Am I looking in the wrong place?
If I'm correct, this is a bug. Tempfiles should not be relied upon to
clean themselves up in response to GC, since you don't know when GC
will fire...
- Charlie
class Tempfile < ::Tempfile
def _close
@tmpfile.close if @tmpfile
@data[1] = nil if @data
@tmpfile = nil
end
end
the original _close (in 1.8.7) does this, which should be functionally
equivalent:
def _close # :nodoc:
@tmpfile.close if @tmpfile
@tmpfile = nil
@data[1] = nil if @data
end
Is this patching a bug from 1.8.6?
FYI, in JRuby there is no _close, since it's a private impl method and
we have our own tempfile implementation.
- Charlie
Actually, I was wrong; we do have _close, but it behaves somewhat
differently than MRI.
Still seems like it's an internal method that shouldn't be monkeyed with...
- Charlie
Why not? Tempfiles are objects, too. It's perfectly reasonable
to let GC clean them up like any other object.

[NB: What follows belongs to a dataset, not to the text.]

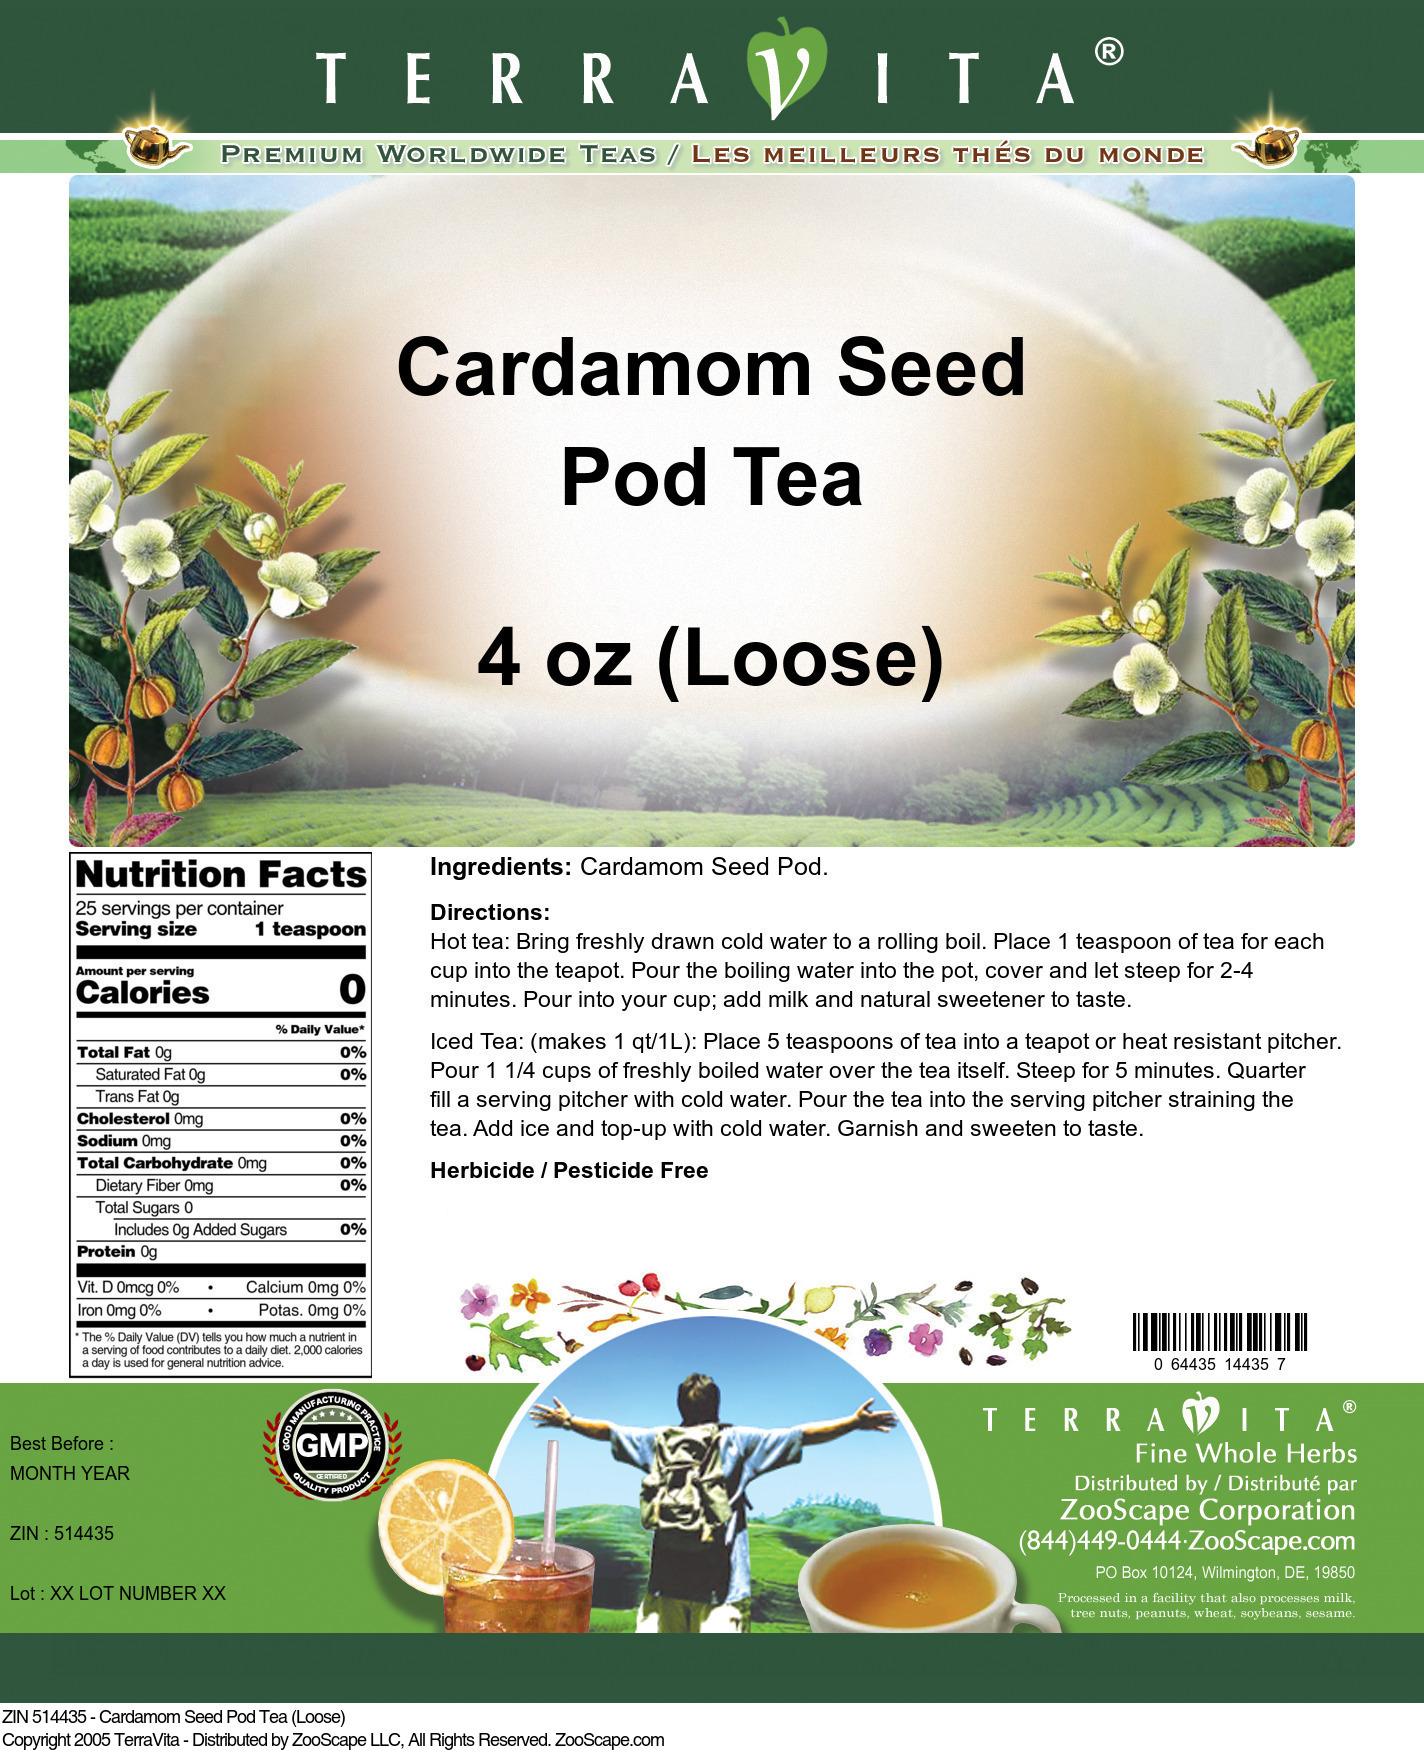 Cardamom Seed Pod Tea (Loose)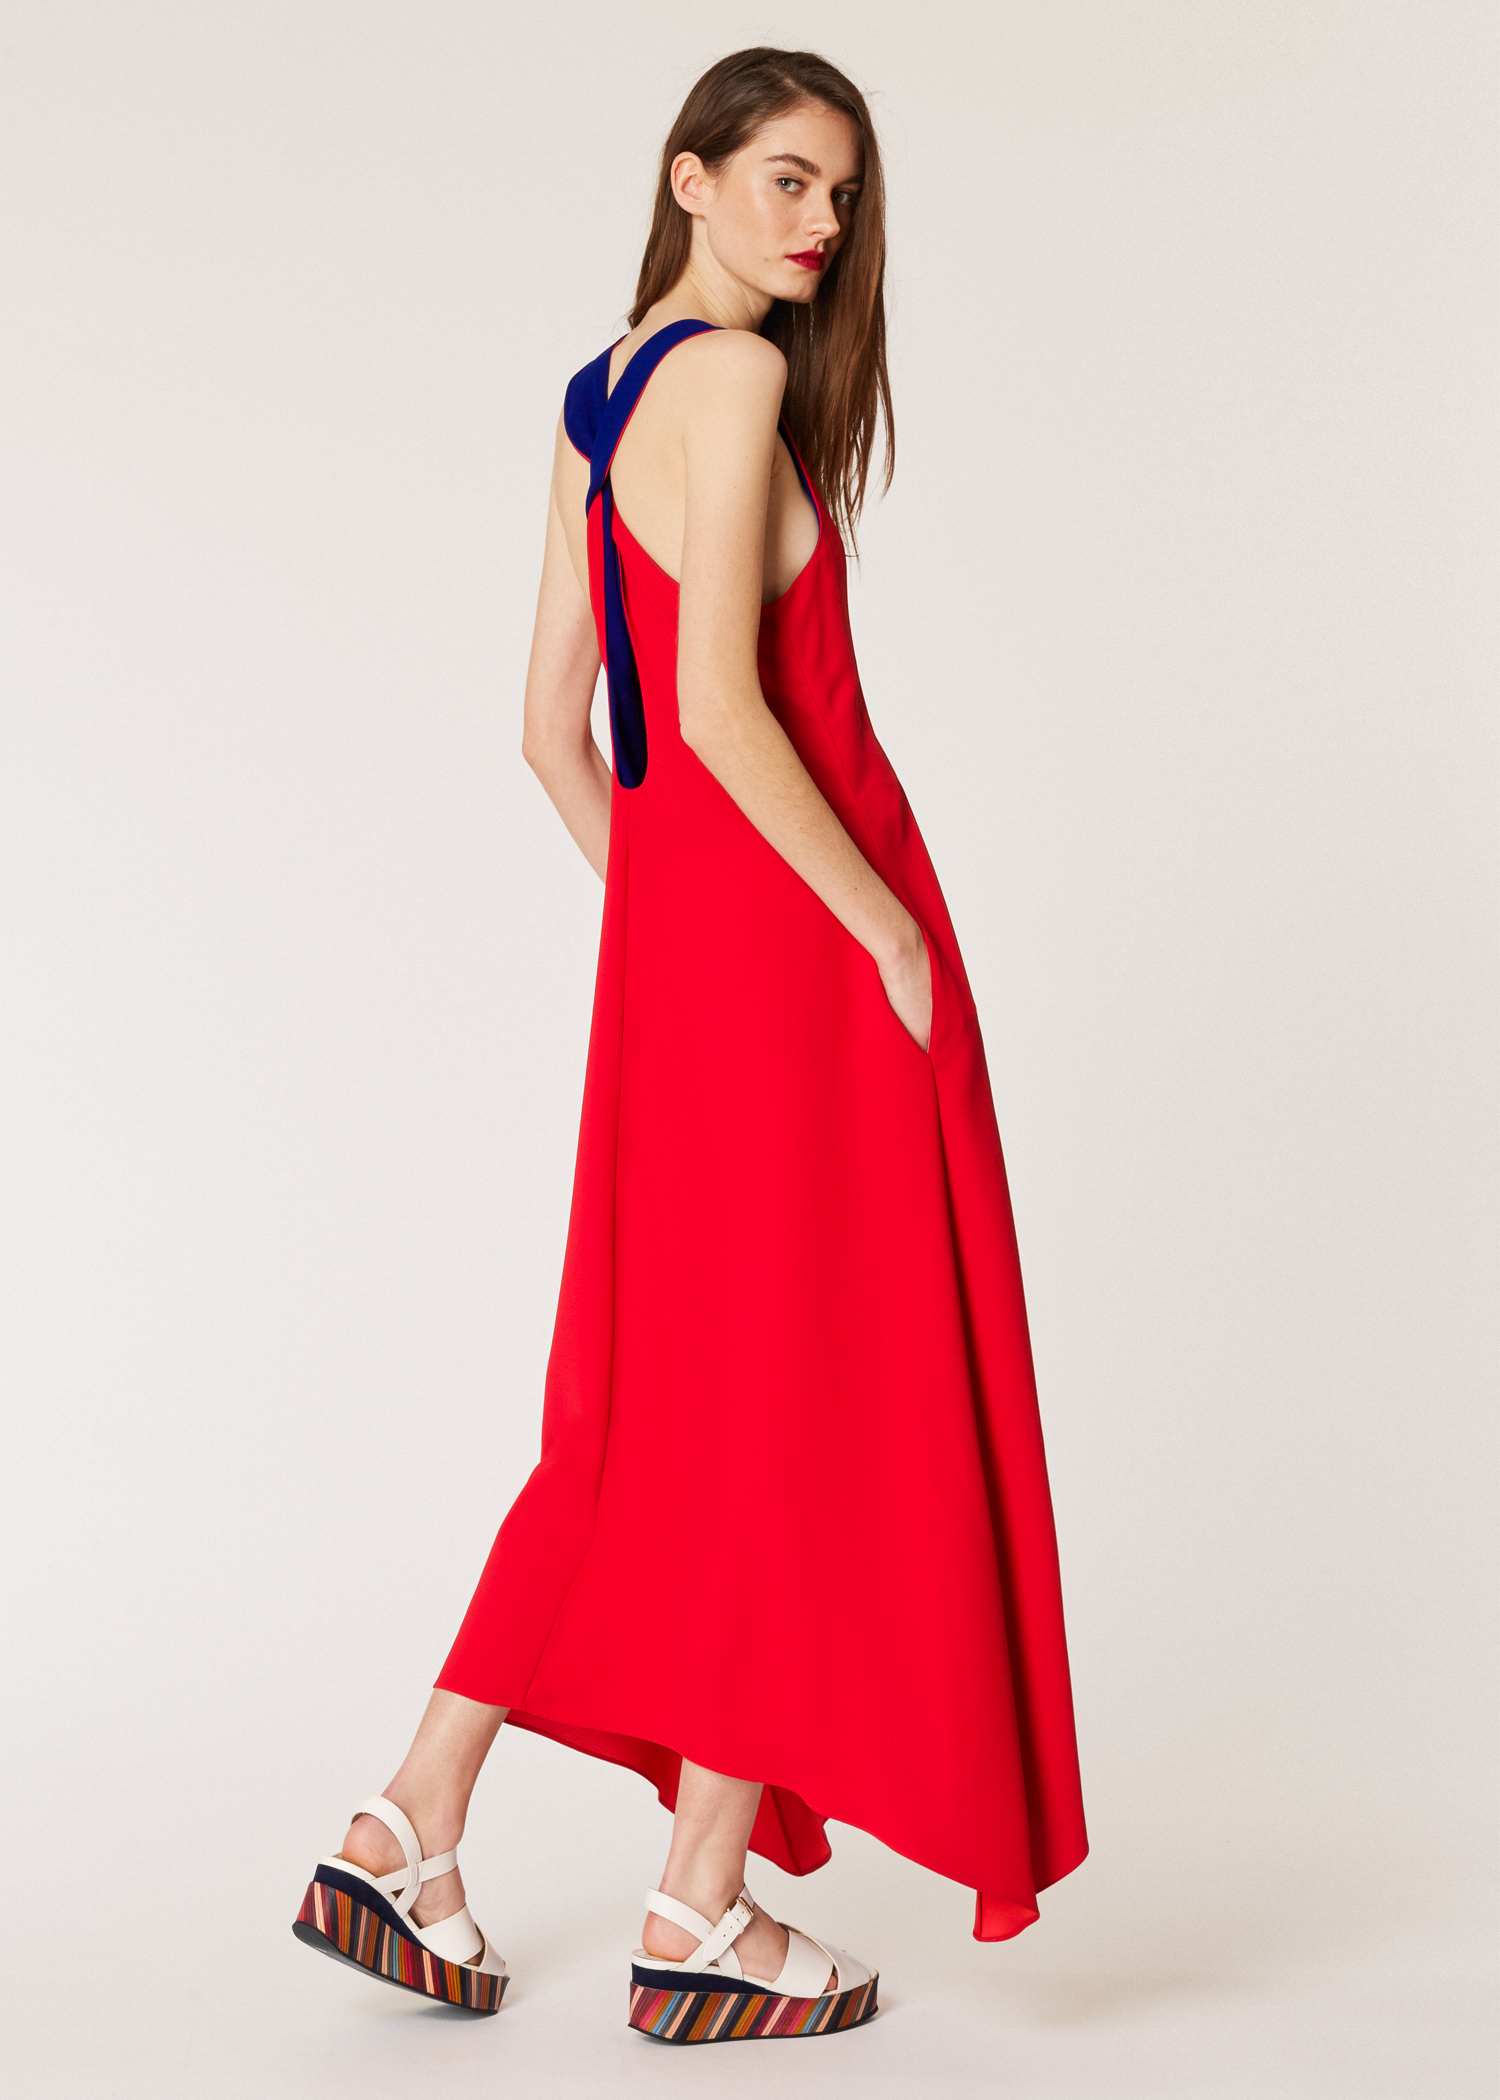 547d0aaf9b8 Model back View - Women's Red Asymmetric Sleeveless Dress Paul Smith

I don't know why RewindableInput is monkeying with Tempfile internals,
though.
--
Eric Wong
Yes. The following code doesn't work on 1.8.6:
t = Tempfile.new('foo')
t.unlink
t.close # <--- crash, because of the early unlink
Phusion Passenger terminates worker processes by calling exit!. This
does not call finalizers on MRI, causing temp files to be left behind
sometimes. There seems to be no way to call finalizers, even GC.start
doesn't work. I too would like to see Tempfiles being cleaned up
explicitly.
Other than that, I've seen system administrators who are confused by
the fact that such Tempfiles are not immediately cleaned up. Some
people who operate websites that handle a large number of concurrent
uploads are worried that they might run out of disk space because of
this.
Thanks, that at least explains one mystery.
- Charlie
It's roundly considered by every programming language community in the
world to be *really* bad form to let GC clean up IO. There's tons of
reasons for this:
* GC may not run as soon as you like, causing you to hold IO resources
too long (and under heavy load, potentially use up all descriptors for
a process)
* On some systems, old objects get promoted to heaps that are only
rarely collected, resulting in them potentially never GCing (or only
GCing extremely rarely)
* There's no reason you *shouldn't* be able to close resources when
they're no longer used. In this case, close any files opened for a
give request once the request has been processed (async libraries
using those files should expect them to be closed and deal with that
accordingly).
Bug-finding tools for several languages flag this sort of behavior as
a high-priority bug. Languages like Go, C#, and Java have or are
adding features to help guarantee you never do this. It's pretty much
universally frowned upon.
When I tweeted about Rubyists leaving IO objects to be cleaned up or
closed by GC, *everyone* agreed that it's a bug in the code, and that
nobody should ever rely on GC to release File/IO resources.
What more can I say? :)
- Charlie
We did run into some difficulties proving that MRI cleans up old files
when it GCs, mostly because of quirks in the GC (constructing the
tempfile in a method body kept it alive even when it wasn't
referenced, but constructing it in a block invocation allowed it to
GC...MRI's GC baffles me sometimes). But we did confirm it...it's just
unreliable in certain cases (and obviously if you exit! it's totally
useless, since the process just disappears and leaves files behind).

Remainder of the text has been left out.